Does inter-namespace communication in Kubernetes add latency?

502 Views Asked by At

I see a weird issue in my GKE cluster, where inter-namespace API calls take longer.

  • Say I have two namespaces ns-1 and ns-2.
  • I have an API deployed in ns-1, let's call api-service
  • if I call the api-service, from any other app/pod deployed in ns-1, it takes around 5ms.
  • if I call the api-service from an app/pod deployed in ns-2, it takes ~40ms. To call from another namespace I am using FQDN - api-service.ns-1.svc.cluster.local
  • and when I am trying to call the api-service, from ns-1also, using the FQDN -api-service.ns-1.svc.cluster.local`, it is again taking ~25-40ms.
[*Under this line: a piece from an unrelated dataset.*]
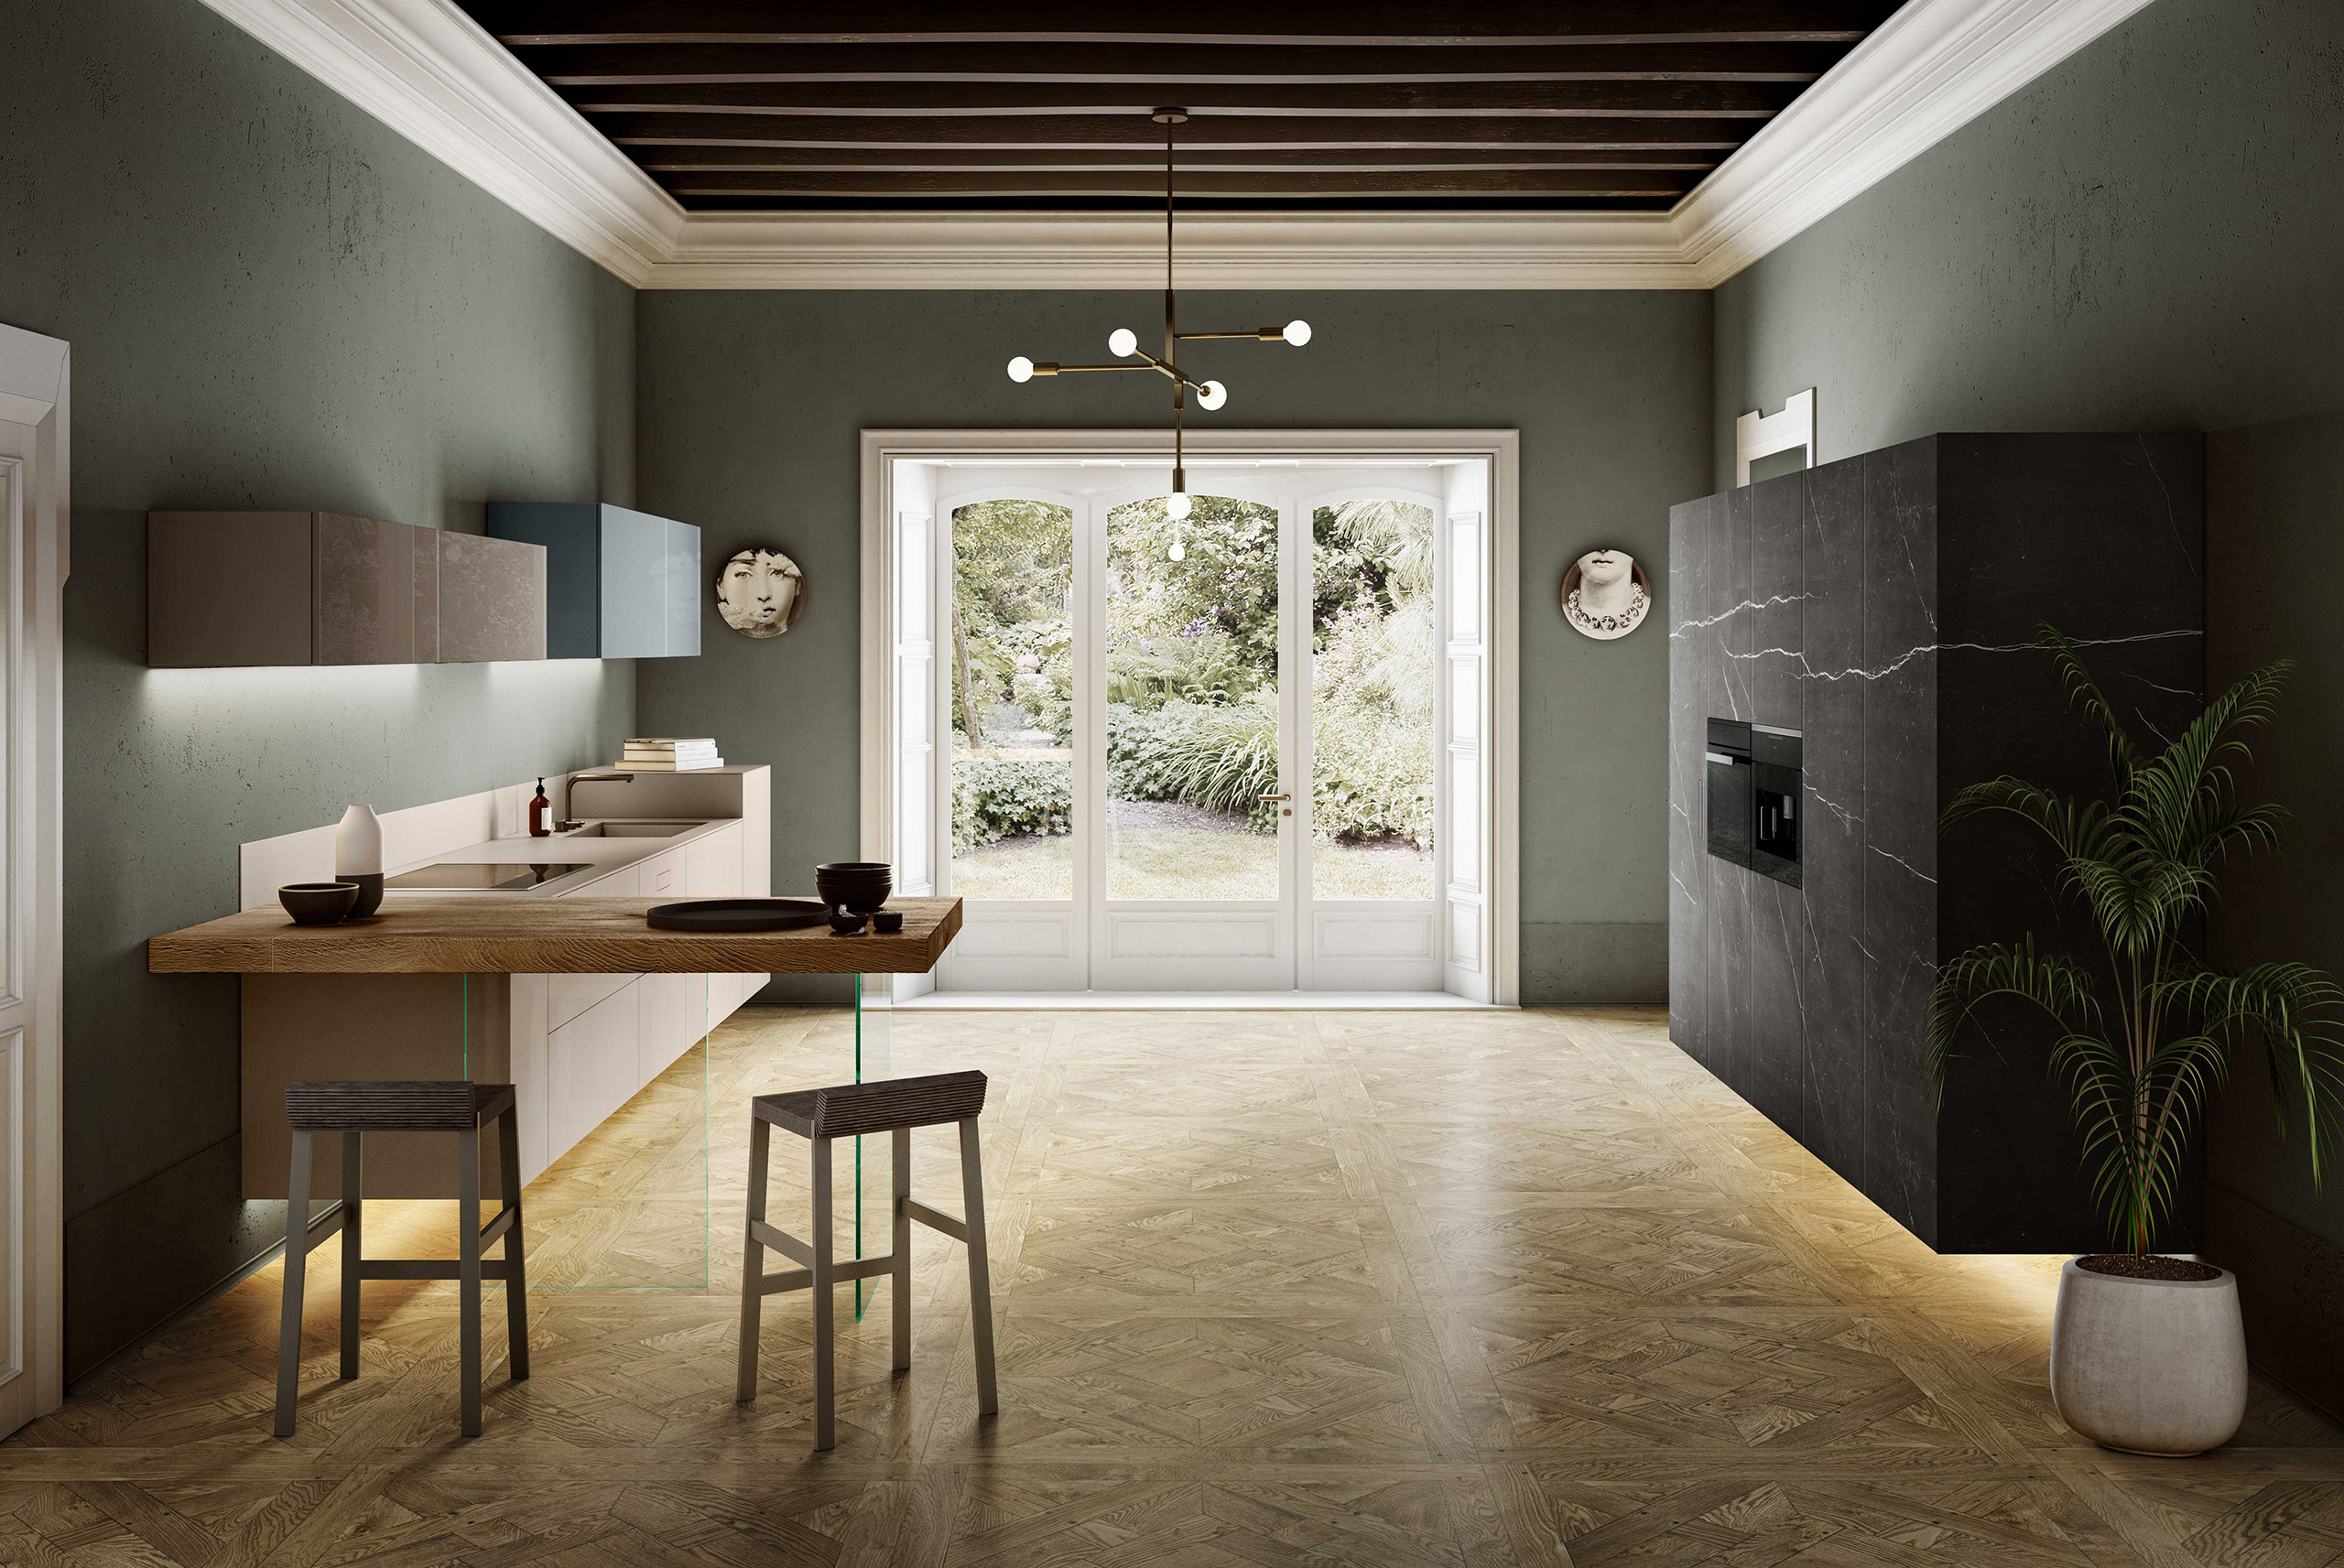 Kitchen-Villa-Italiana-Generale

prima-facie it looks like inter-namespace communication, or when you are using FQDN adds latency.
I tried to check the documentation for the same, but couldn't find anything mentioning the same.
Usually this shouldn't be happening but I am clueless as of now.

Any help regarding the same would be appreciated.

Note:

  • I am making the same API call from both the pods
  • Response time from different pods:
//calling from the same namespace (ns-1)
# curl -X POST  "http://api-service:8080/hello" -w %{time_connect}:%{time_starttransfer}:%{time_total}
0.004539:0.007073:0.007096

//calling from the same namespace (ns-1)
# curl -X POST  "http://api-service.ns1.svc.cluster.local:8080/hello" -w %{time_connect}:%{time_starttransfer}:%{time_total}
0.028735:0.030097:0.030158

//calling from a different namespace (ns-2)
# curl -X POST  "http://api-service.ns1.svc.cluster.local:8080/hello" -w %{time_connect}:%{time_starttransfer}:%{time_total}
0.125594:0.163450:0.163519
0.028722:0.030159:0.030221

or if anyone can point me to the correct documentation for the same.

1

There are 1 best solutions below

0
Veera Nagireddy On

As per your question it seems there is a latency issue due to inter-namespace communication, or when you are using FQDN adds latency.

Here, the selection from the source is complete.